Data segment:
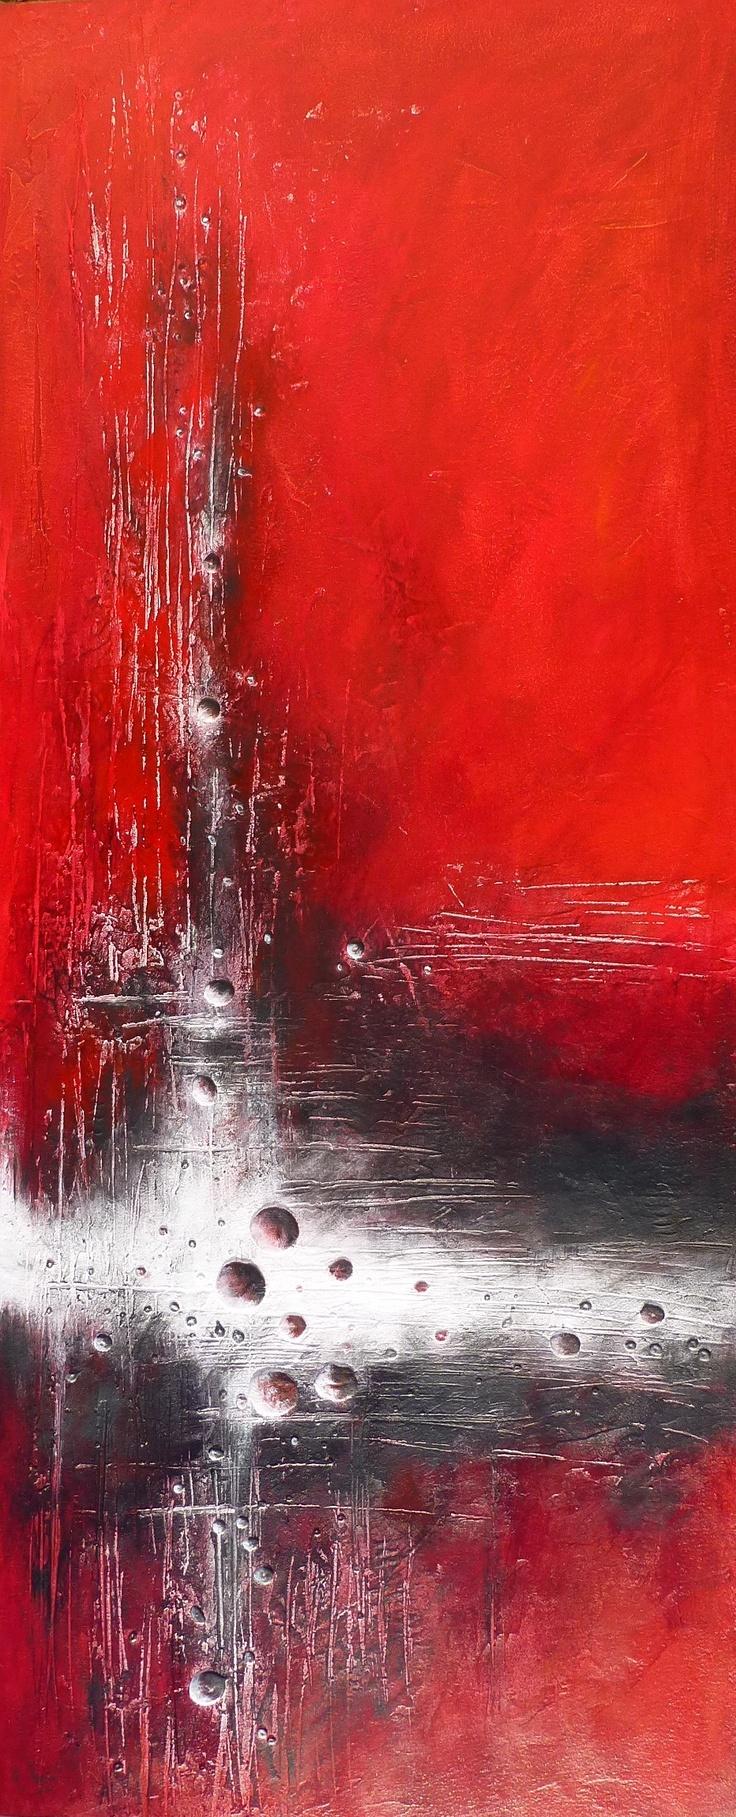 peinture style design 50x120mm - acrylique sur medium #peinture #abstrait...  from Rachel SEGUIN
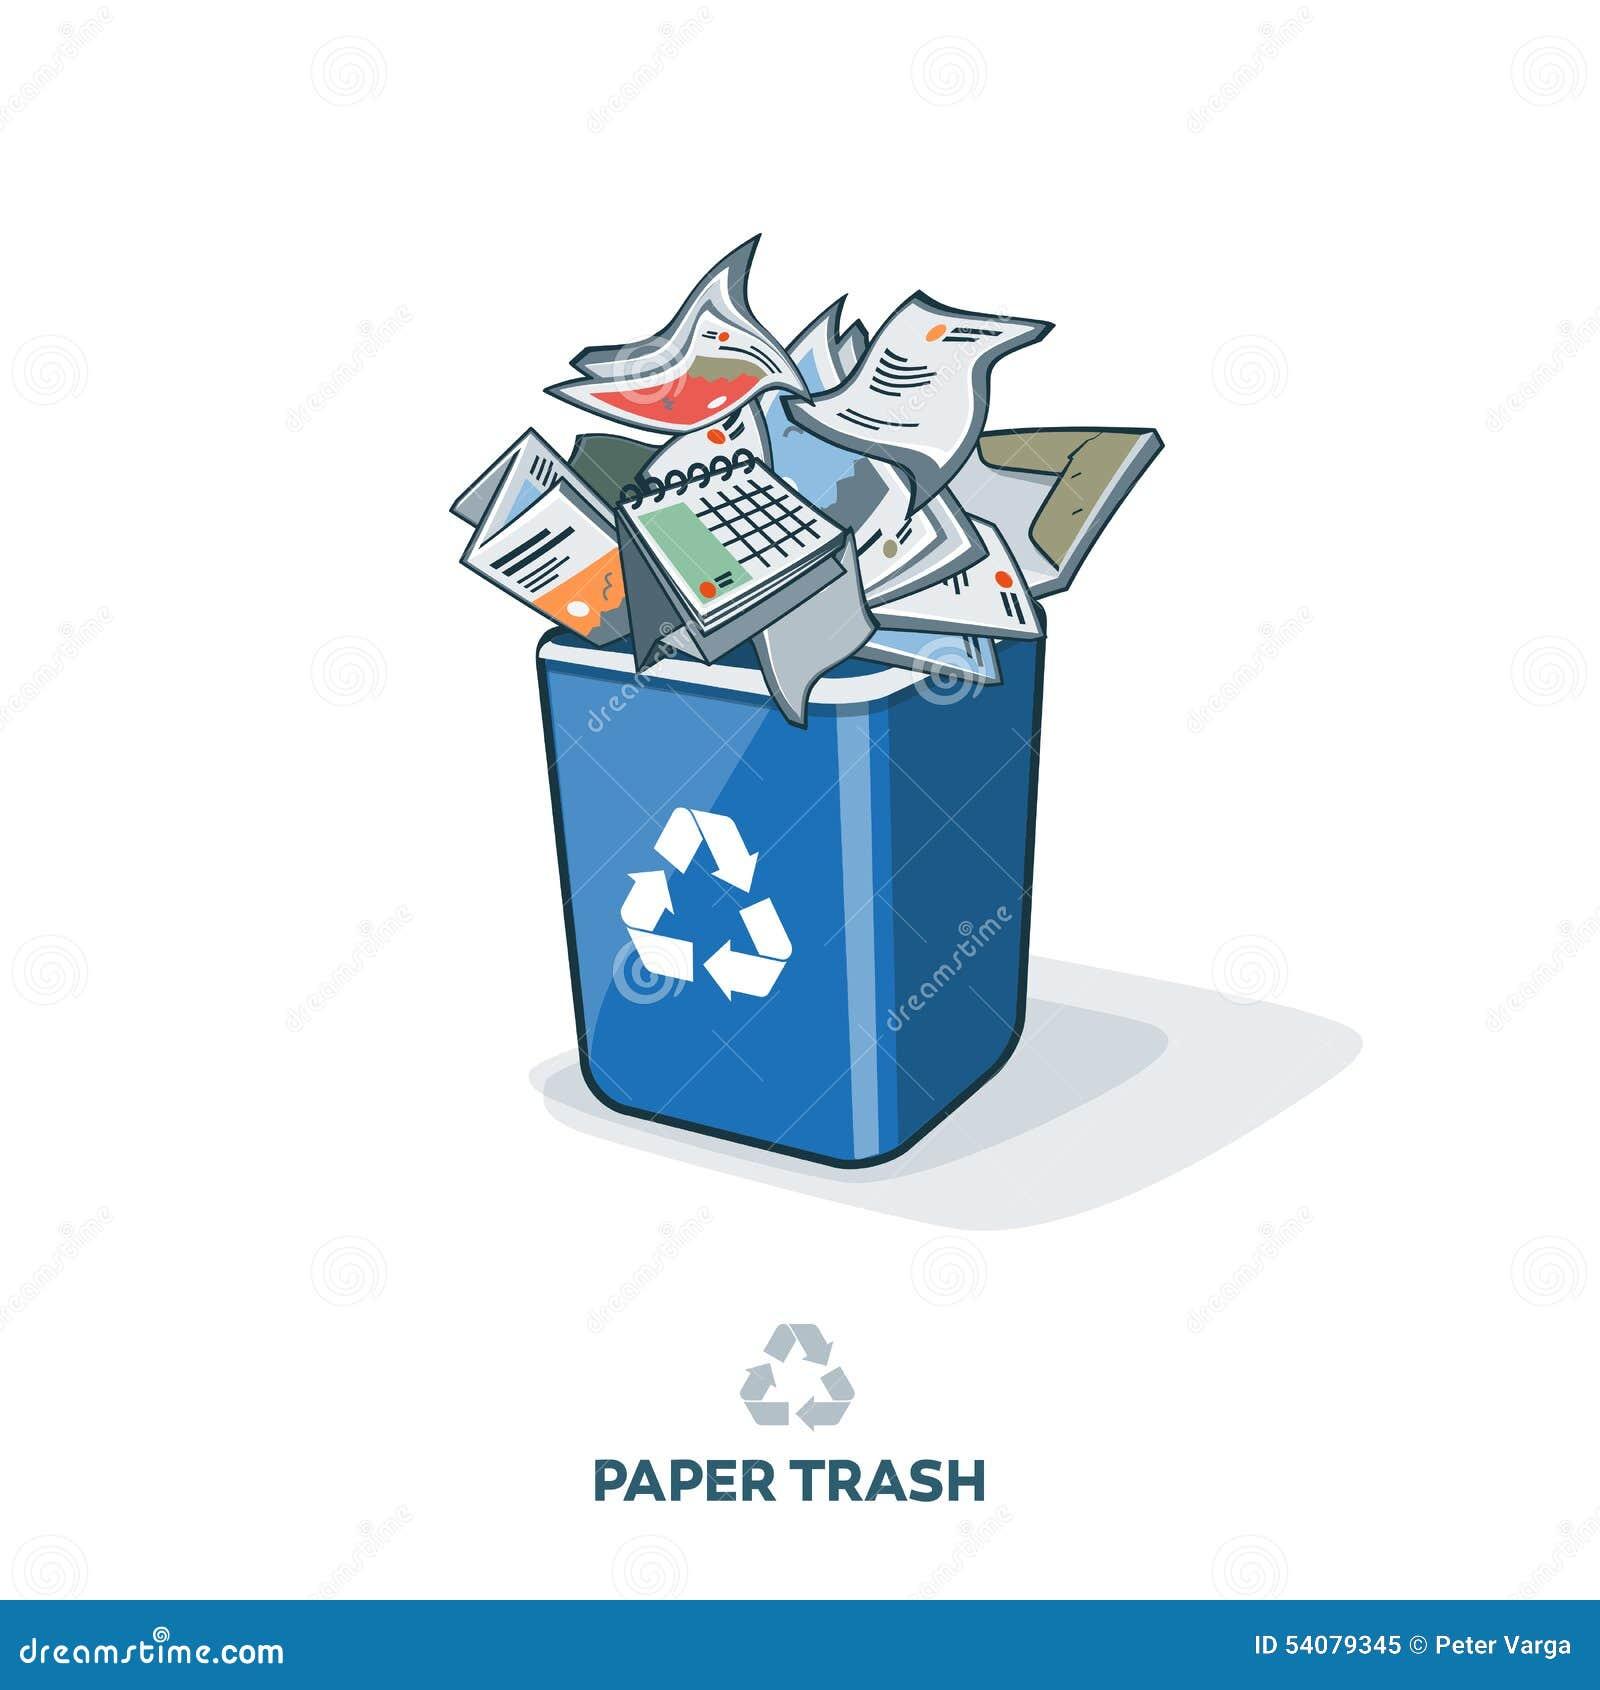 how to draw a recycle bin cartoon
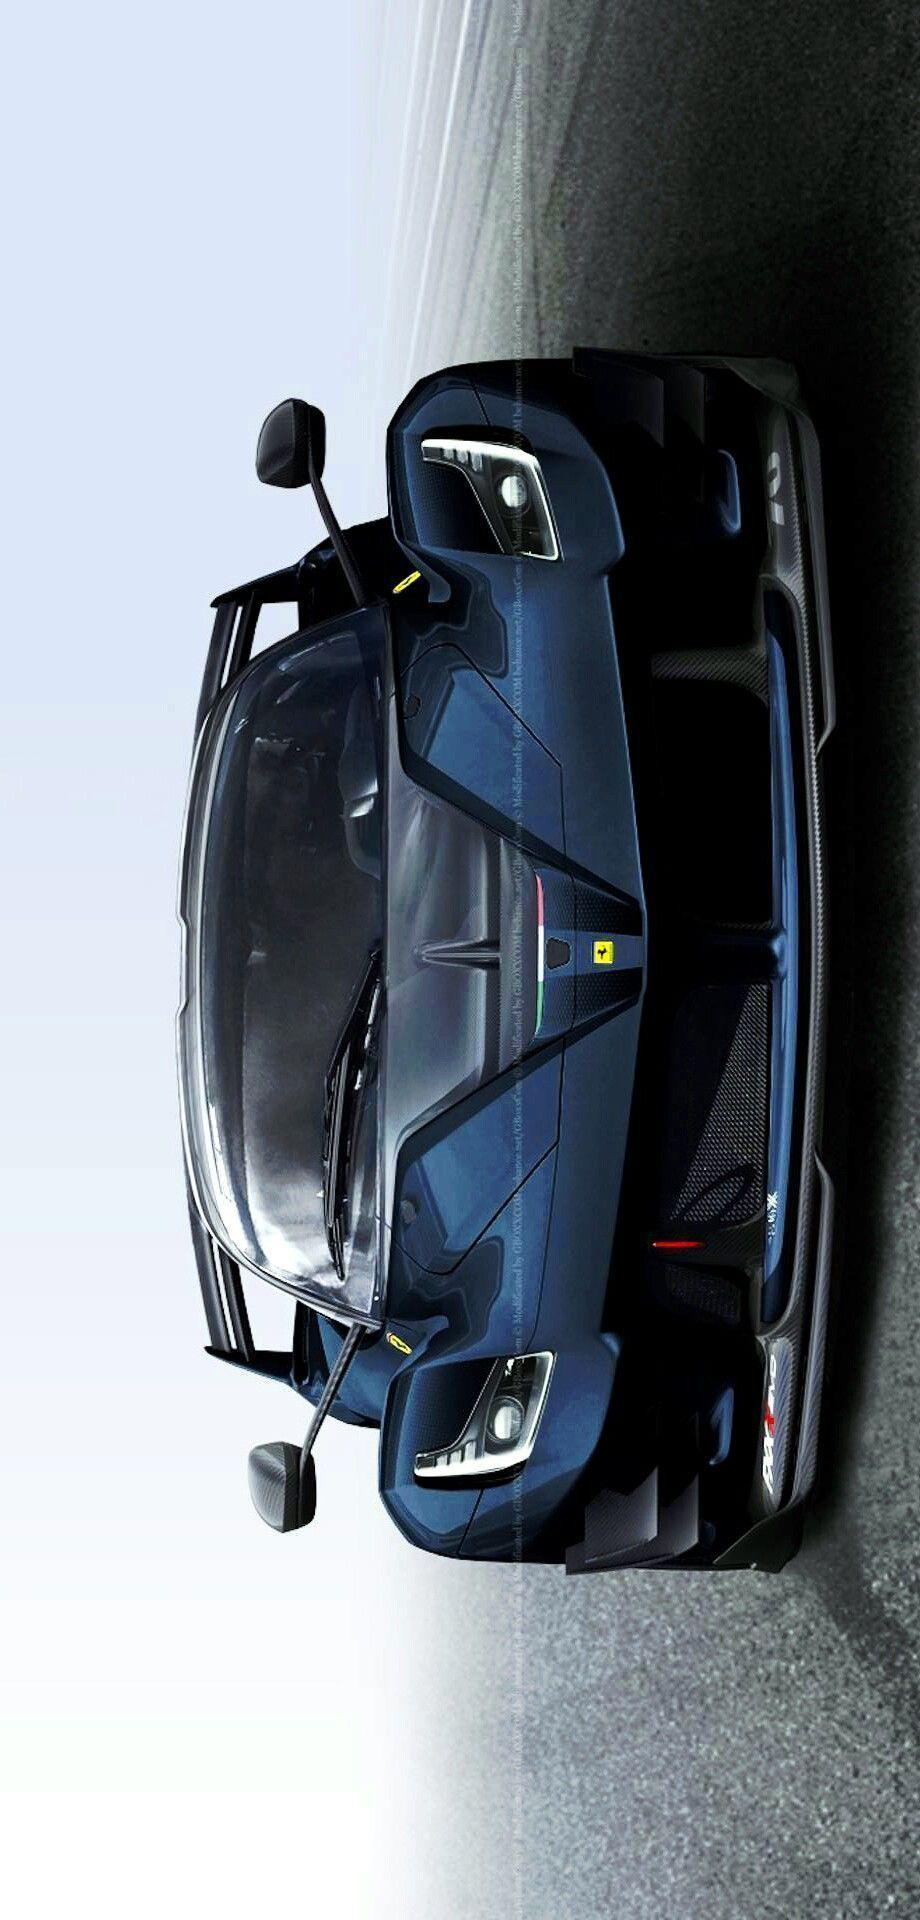 (°!°) Ferrari FXX-K Evo Street Legal concept... #ferrarifxx (°!°) Ferrari FXX-K Evo Street Legal concept... #ferrarifxx (°!°) Ferrari FXX-K Evo Street Legal concept... #ferrarifxx (°!°) Ferrari FXX-K Evo Street Legal concept... #ferrarifxx (°!°) Ferrari FXX-K Evo Street Legal concept... #ferrarifxx (°!°) Ferrari FXX-K Evo Street Legal concept... #ferrarifxx (°!°) Ferrari FXX-K Evo Street Legal concept... #ferrarifxx (°!°) Ferrari FXX-K Evo Street Legal concept... #ferrarifxx (� #ferrarifxx
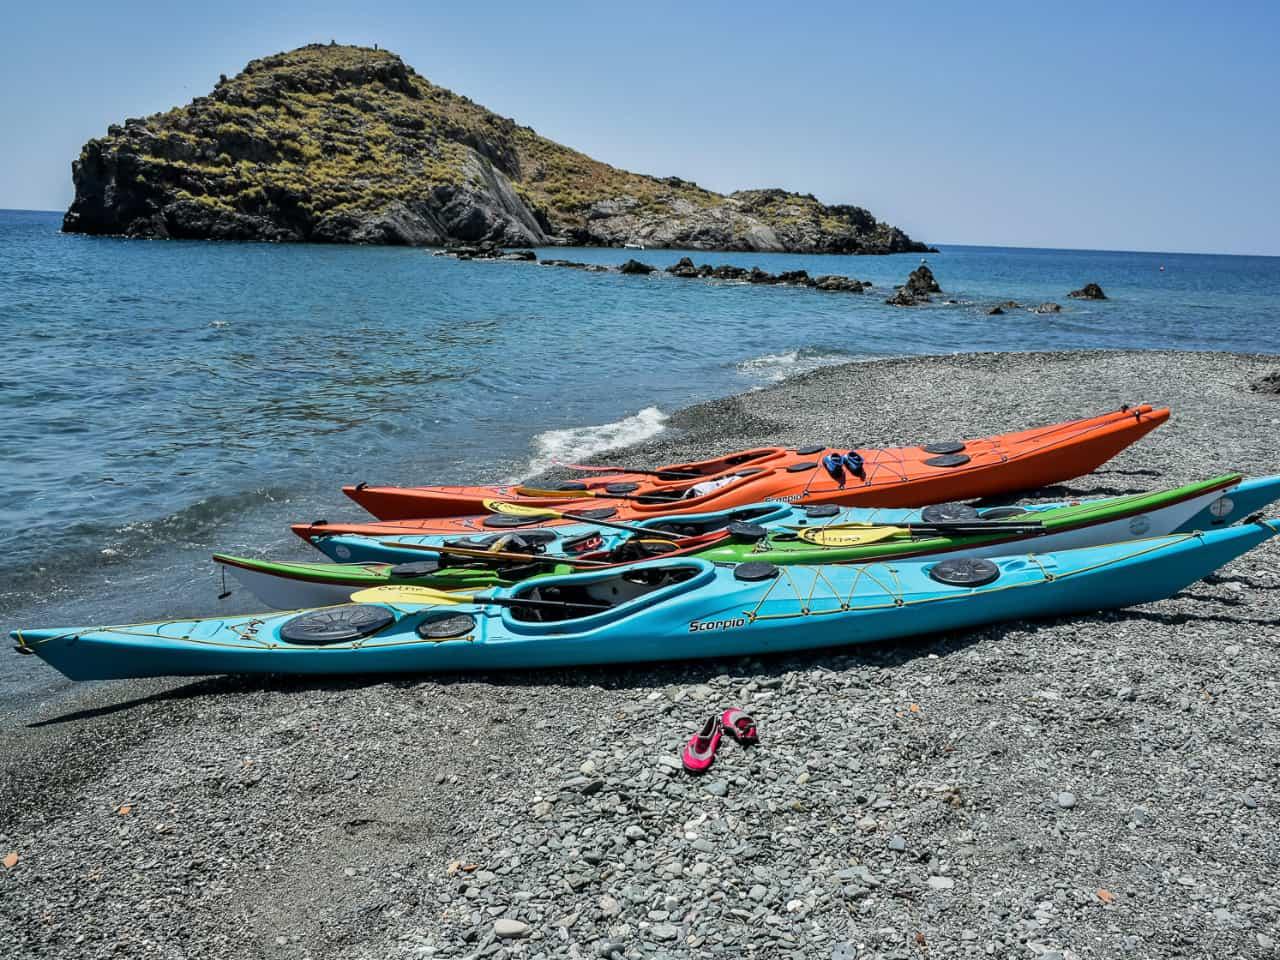 Sea Kayak Kaloi Limenes Lentas, best day trip sea kayak, sea kayak kali limenes matala agia galini, best sea kayak trip crete

Required action:
Leave out the pictures and repeat the lines from the start of the material through the line with "how to draw a recycle bin cartoon", inclusive.

Result of the exercise:
 peinture style design 50x120mm - acrylique sur medium #peinture #abstrait...  from Rachel SEGUIN
 how to draw a recycle bin cartoon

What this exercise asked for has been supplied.